Content starts
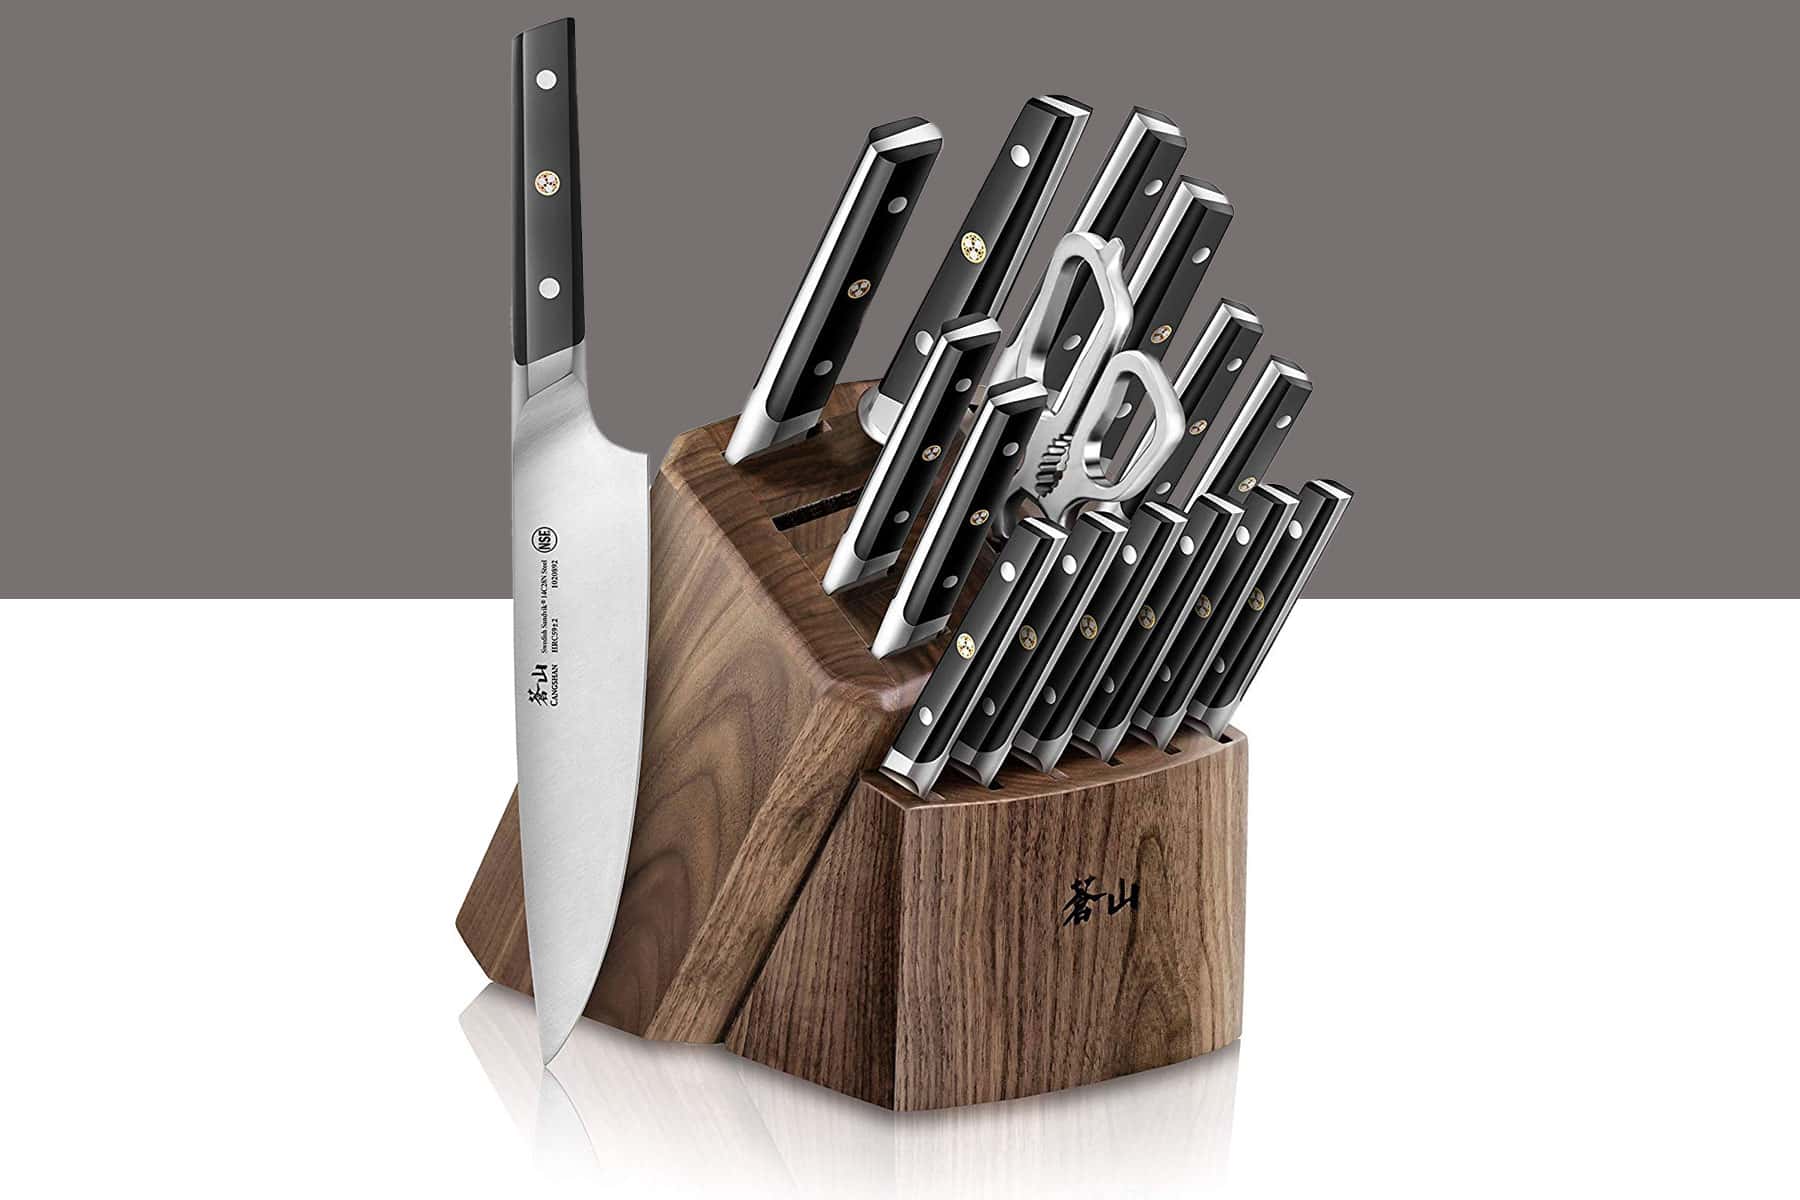 The Canhshan TC professional knife set with the knives inside the storage block on a gray and white background.
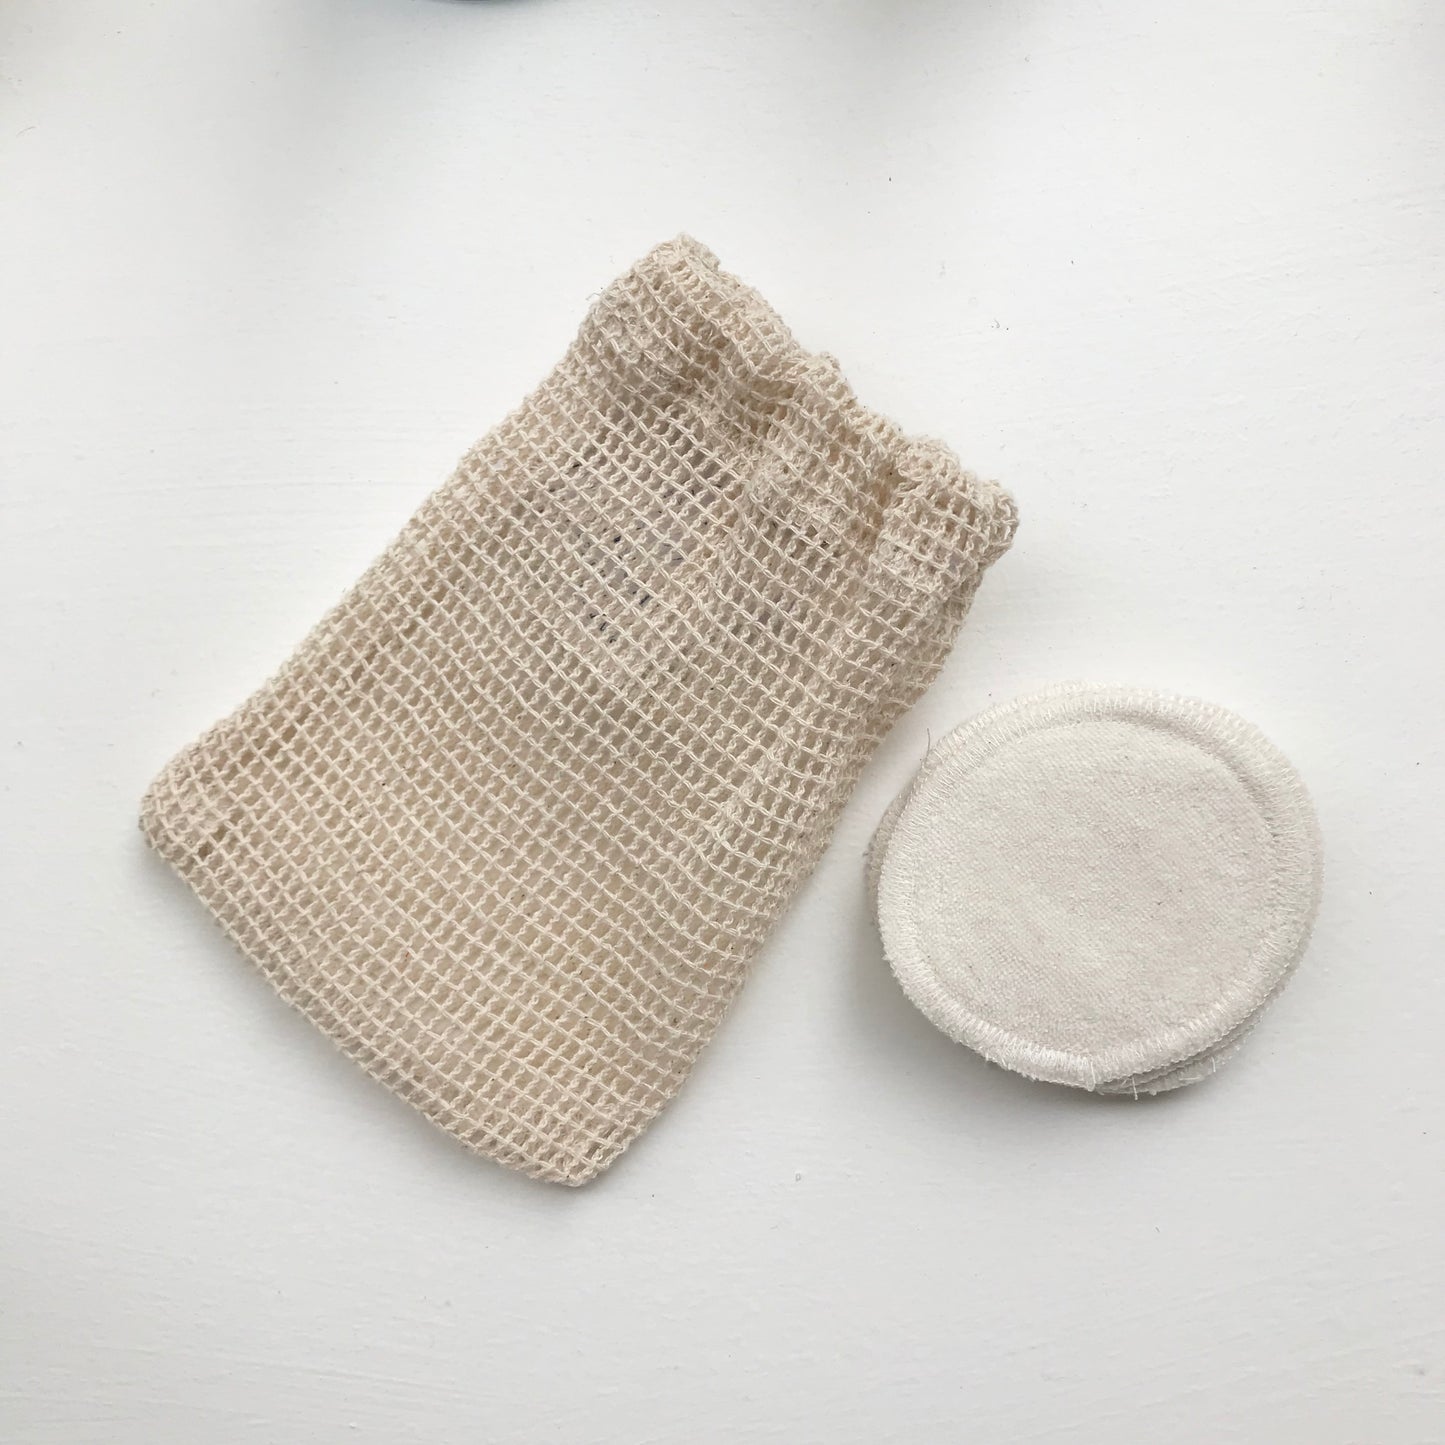 Make Up Removal Pads
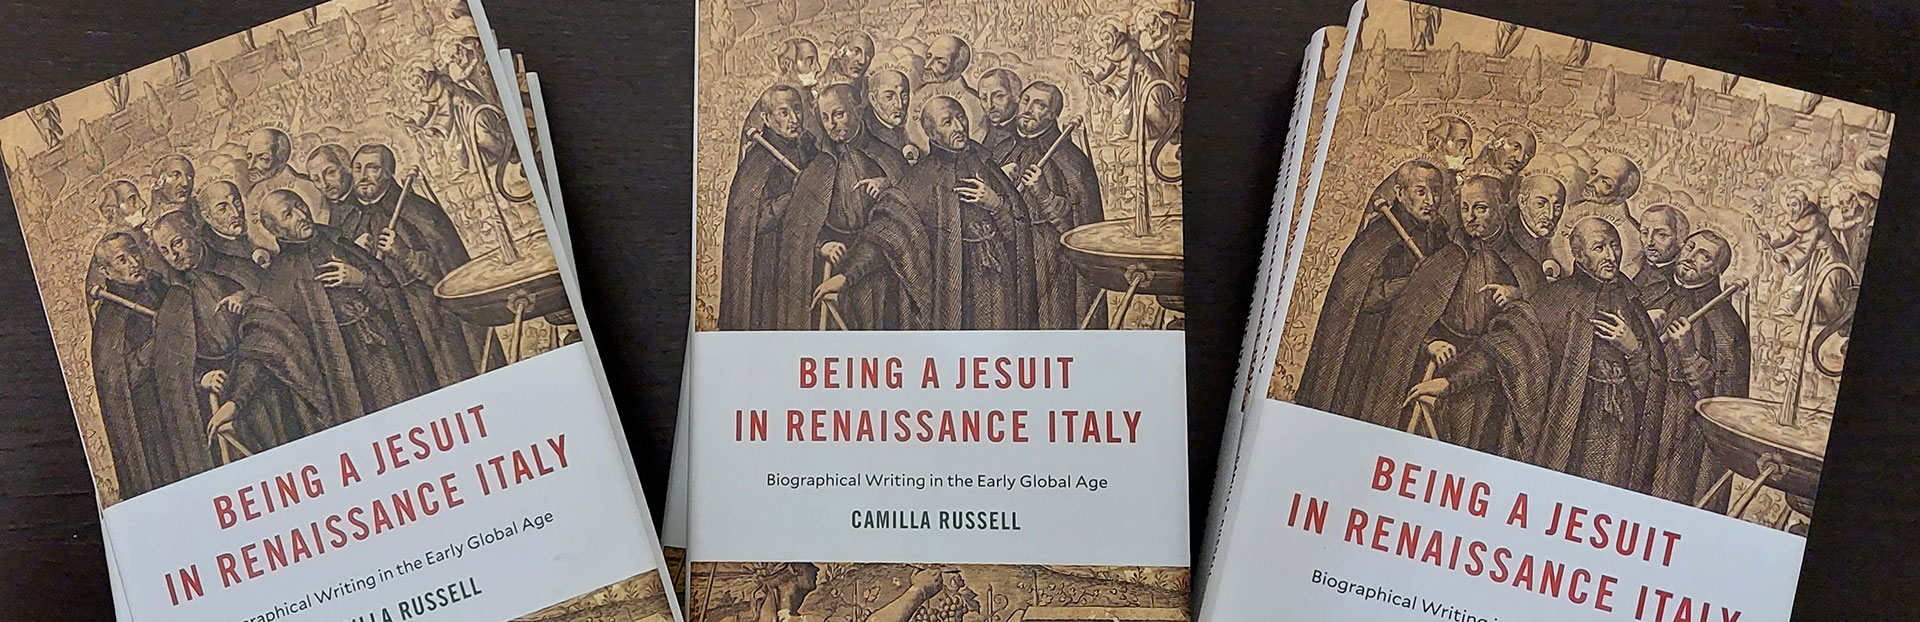 Are the Jesuits of the 16th century and the Jesuits of today very different?
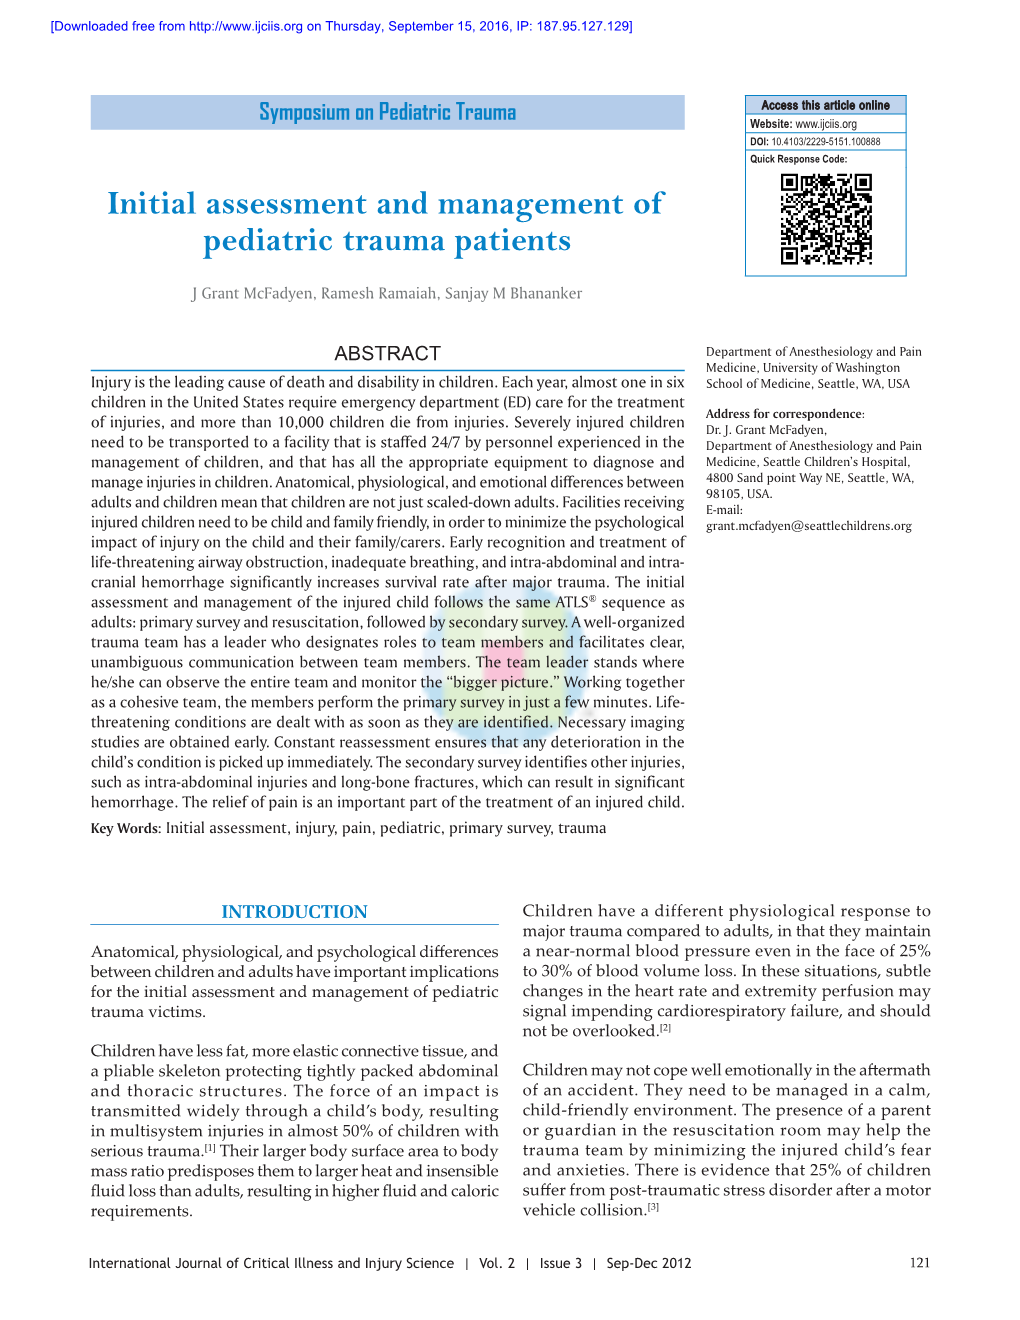 Initial Assessment and Management of Pediatric Trauma Patients
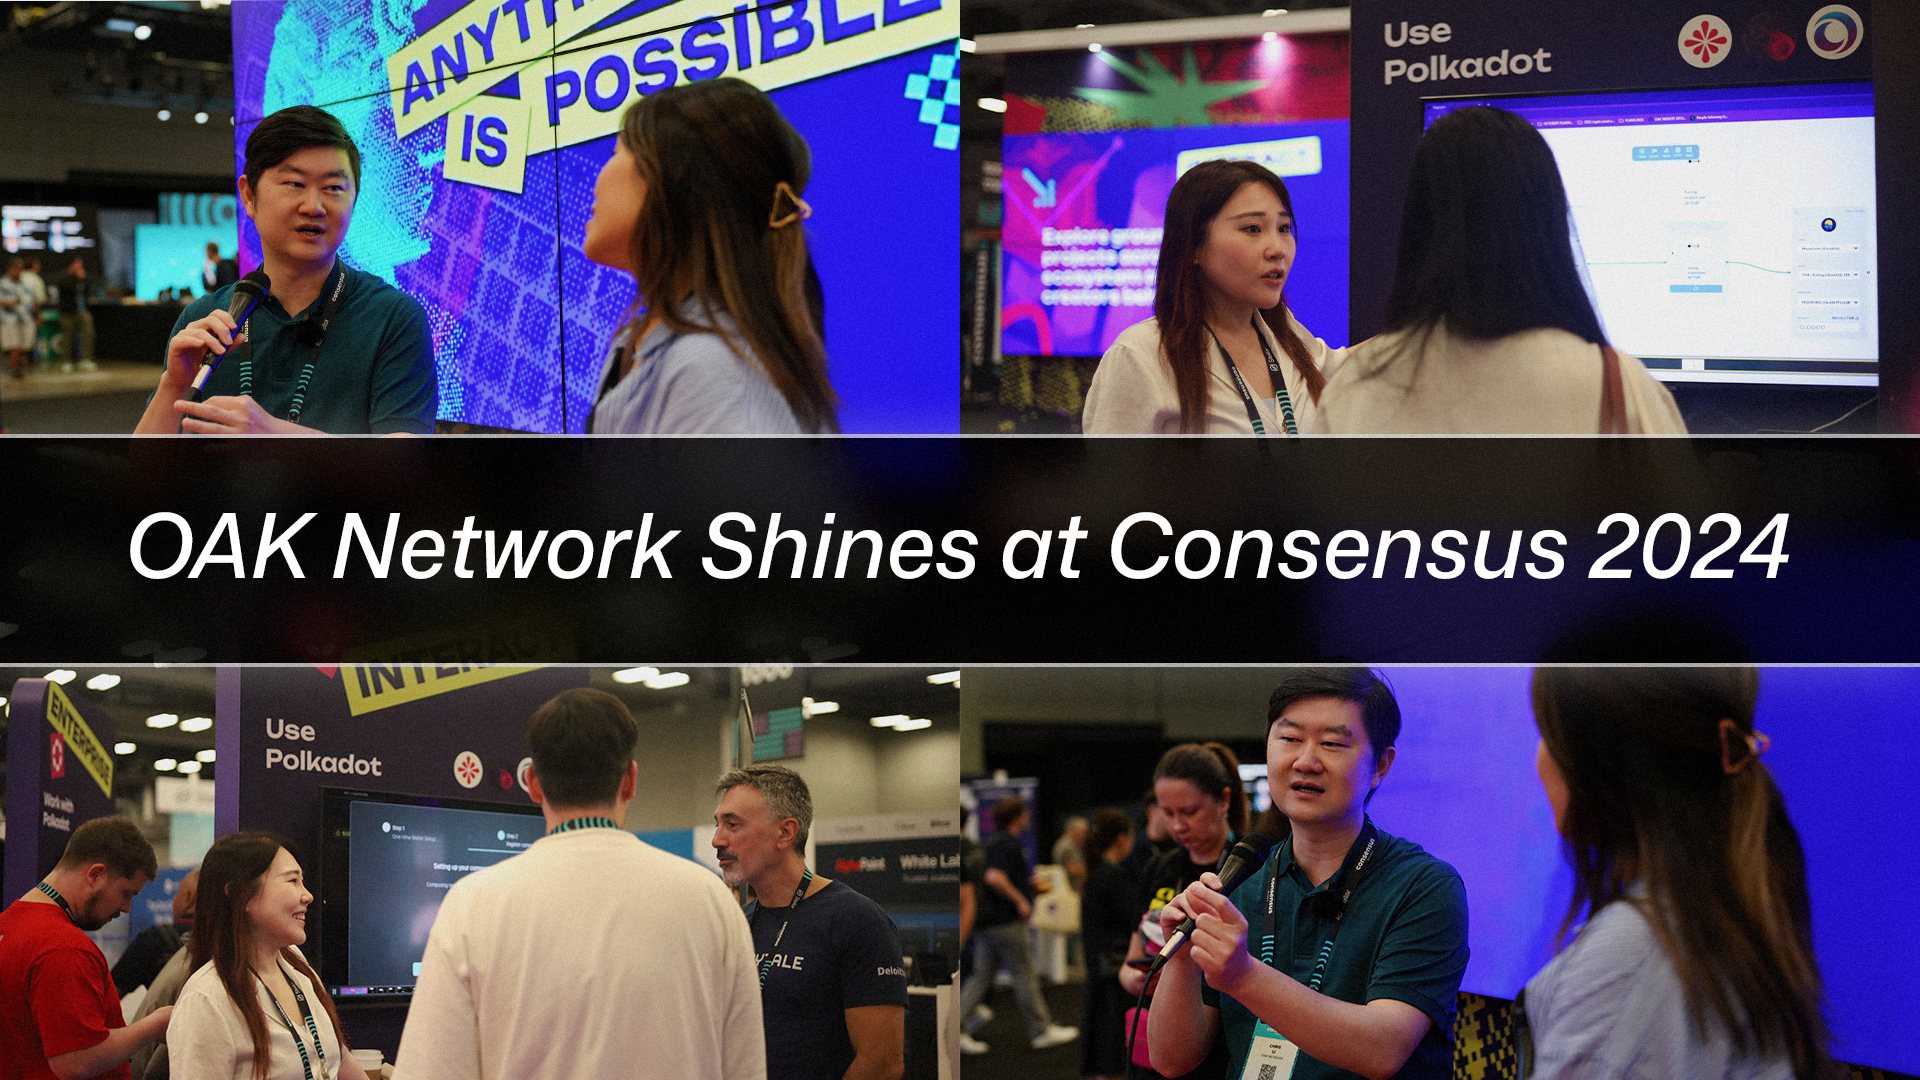 Composite image of OAK Network's participation at Consensus 2024. A banner headline reads, 'OAK Network Shines at Consensus 2024.' Chris Li, founder and CEO of OAK Network, appears speaking with an interviewer against a vibrant backdrop that reads 'Anything is Possible.' Other images show an OAK Network representative explaining the protocol's technology to an attendee in front of a Polkadot display, and attendees engaged in a discussion about OAK Network at the Polkadot booth.
Content ends
- GOAL OF THE EXERCISE -
Print the whole listing exactly. No pictures belong in the copy.

- RESPONSE BOX -
 The Canhshan TC professional knife set with the knives inside the storage block on a gray and white background.
 Make Up Removal Pads
 Are the Jesuits of the 16th century and the Jesuits of today very different?
 Initial Assessment and Management of Pediatric Trauma Patients
 Composite image of OAK Network's participation at Consensus 2024. A banner headline reads, 'OAK Network Shines at Consensus 2024.' Chris Li, founder and CEO of OAK Network, appears speaking with an interviewer against a vibrant backdrop that reads 'Anything is Possible.' Other images show an OAK Network representative explaining the protocol's technology to an attendee in front of a Polkadot display, and attendees engaged in a discussion about OAK Network at the Polkadot booth.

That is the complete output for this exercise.